In short, OCR seems to approve of the idea that due process can be achieved after a questionable hearing by simply lessening the repercussions an accused student suffers.
As the findings letter notes, “The OCR complaint … alleged that when [two] respondents appealed their sanctions, the sanctions were reduced without basis.” In one case, the sanction was reduced after the hearing panel reconsidered the case due to a procedural error and found him responsible for a lesser offense. In the second case, the dean of students “agreed that the respondent was put at a disadvantage procedurally because he was not allowed at any time to face the hearing panel,” having been “required to participate in the hearing by Skype for the entire proceeding.” She therefore reduced his sanction “in the interest of justice.”
OCR explained its conclusion that these actions were appropriate:
OCR determined that the dean’s decision to reduce the sanction balanced due process concerns and Title IX obligations and was not substantially disproportionate. In the two instances where the respondents’ sanctions were reduced after appeal, the evidence showed that the College was attempting to balance the due process rights of the respondent with the rights of the complainant; the complainant was notified and given an opportunity to provide input. The modified sanctions were still within College guidelines.
It is welcome to see an acknowledgment from OCR that colleges should consider an accused student’s due process rights in determining how to handle allegations of sexual misconduct. But a reduction in punishment is not the correct solution to a lack of procedural safeguards and a potentially unreliable finding of fact. If an accused student has not been given a fair hearing, and procedural errors subsequently call into question the accuracy of the outcome, the correct remedy is a new hearing through which fact-finders may reach a more reliable conclusion.
Occidental’s alternative solution ensures that an accused student will not be treated as he or she deserves—whether they are guilty of one of society’s most heinous acts and deserve harsh punishment, or are innocent and deserve no punishment at all.

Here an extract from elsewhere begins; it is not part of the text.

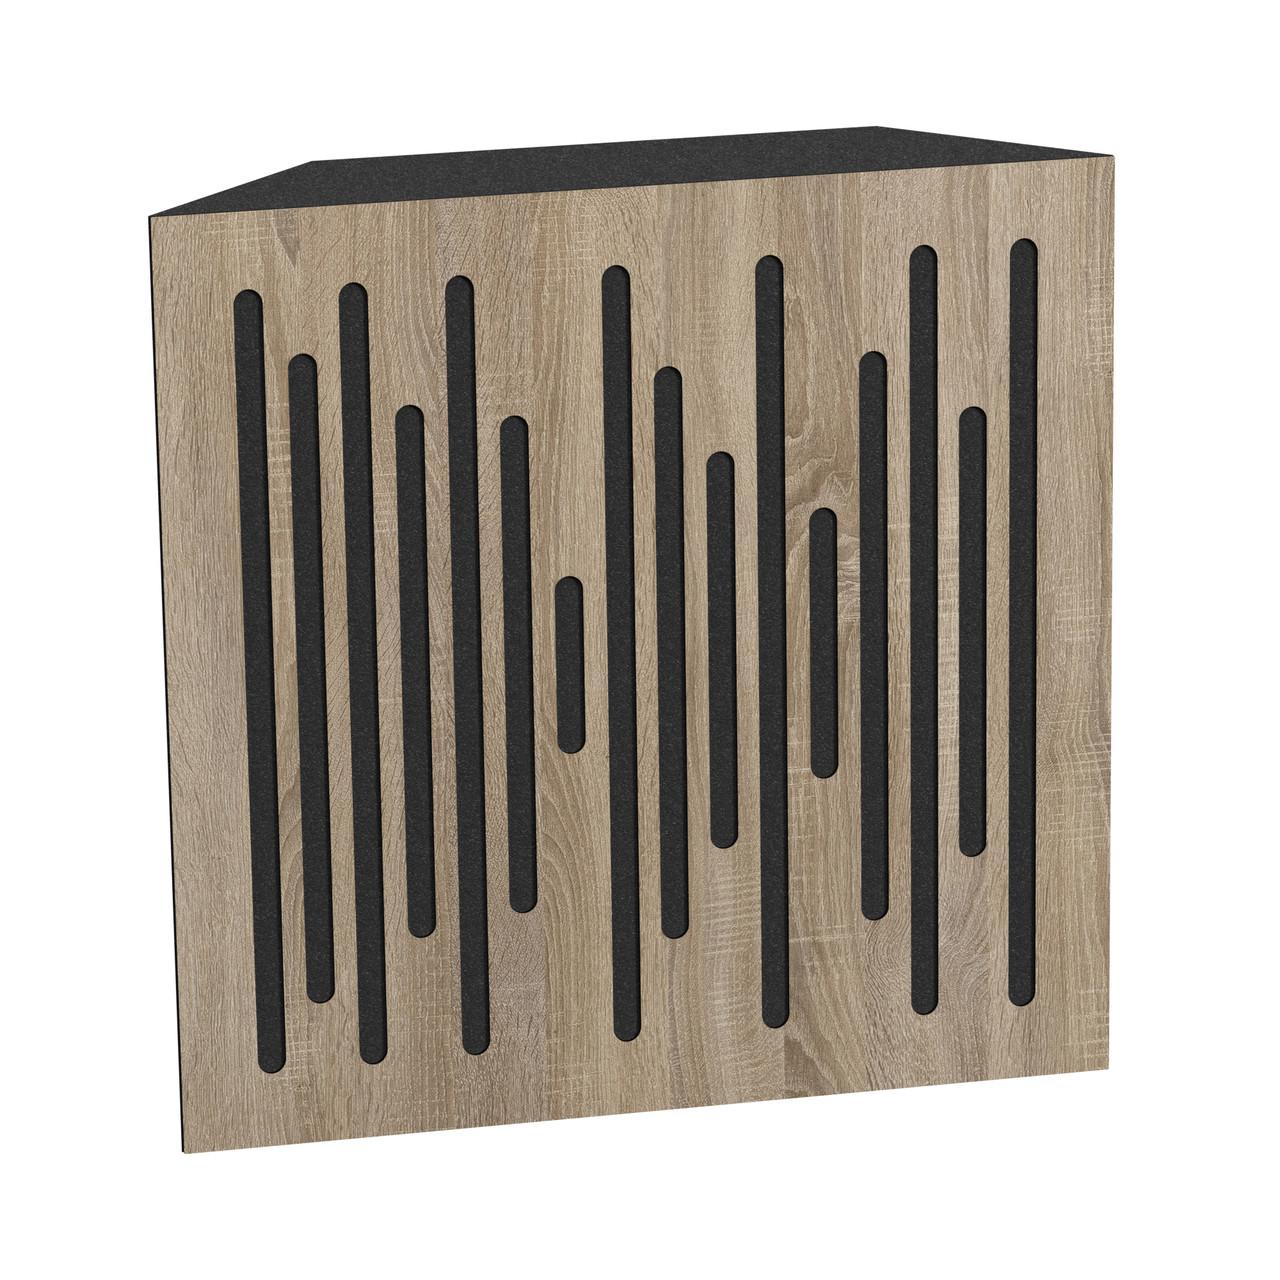 Бас пастка Ecosound Bass trap Ecowave wood 500х500х100 колір сонома

Instead, it facilitates meting out light punishment to a set of individuals that almost inevitably will include both guilty and innocent students, as if justice were something that could be effected by averaging the culpability of all respondents.
Students and victims’ advocates have long objected to what they perceive as insufficient punishment of college students found responsible for sexual assault. Complainants in the Occidental case brought that same objection to OCR. But applying lighter sanctions because a college is unsure that a finding of responsibility is reliable will only worsen this dissatisfaction with the current system. Allegations of sexual assault should be adjudicated through a system that is designed to achieve fair conclusions—the criminal justice system—so findings of guilt can be followed by appropriately harsh penalties.

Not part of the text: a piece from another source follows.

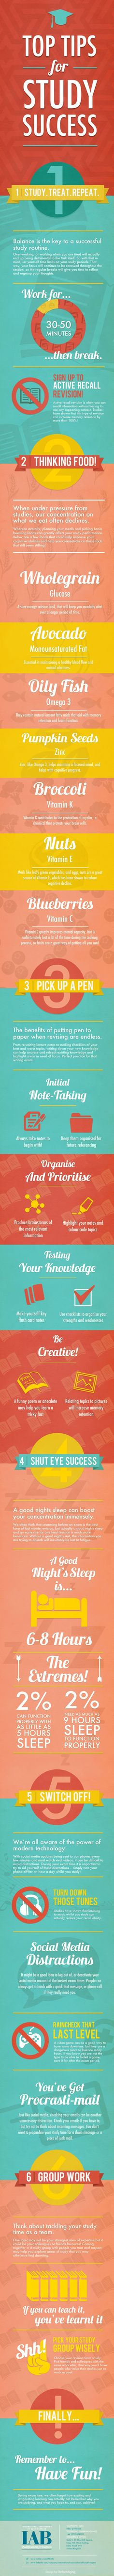 How to Form Good Study Habits. (original image via: iab.org.uk)

Regardless of whether assault allegations are handled by the courts or by campuses, though, it is essential to remember that due process protections must be provided before the fact-finders reach their conclusion. A fair hearing can be achieved by incorporating meaningful procedural safeguards like the right to cross-examine one’s accuser, the right to active assistance of an attorney, a presumption of innocence, and an appropriate standard of proof. But all this protects the accused against an unfair finding of guilt. Due process cannot be achieved after that finding has already been made by retroactively attempting to match the severity of the accused student’s punishment to the (un)reliability of a finding or the (un)fairness of a hearing.
Given how easily colleges have been influenced by OCR’s resolution agreements with other colleges to infringe on students’ rights, it would not be surprising if colleges took this passage as permission to follow Occidental’s lead. To do so, though, would be a step in the wrong direction for everyone: accused students, alleged victims, and the community at large.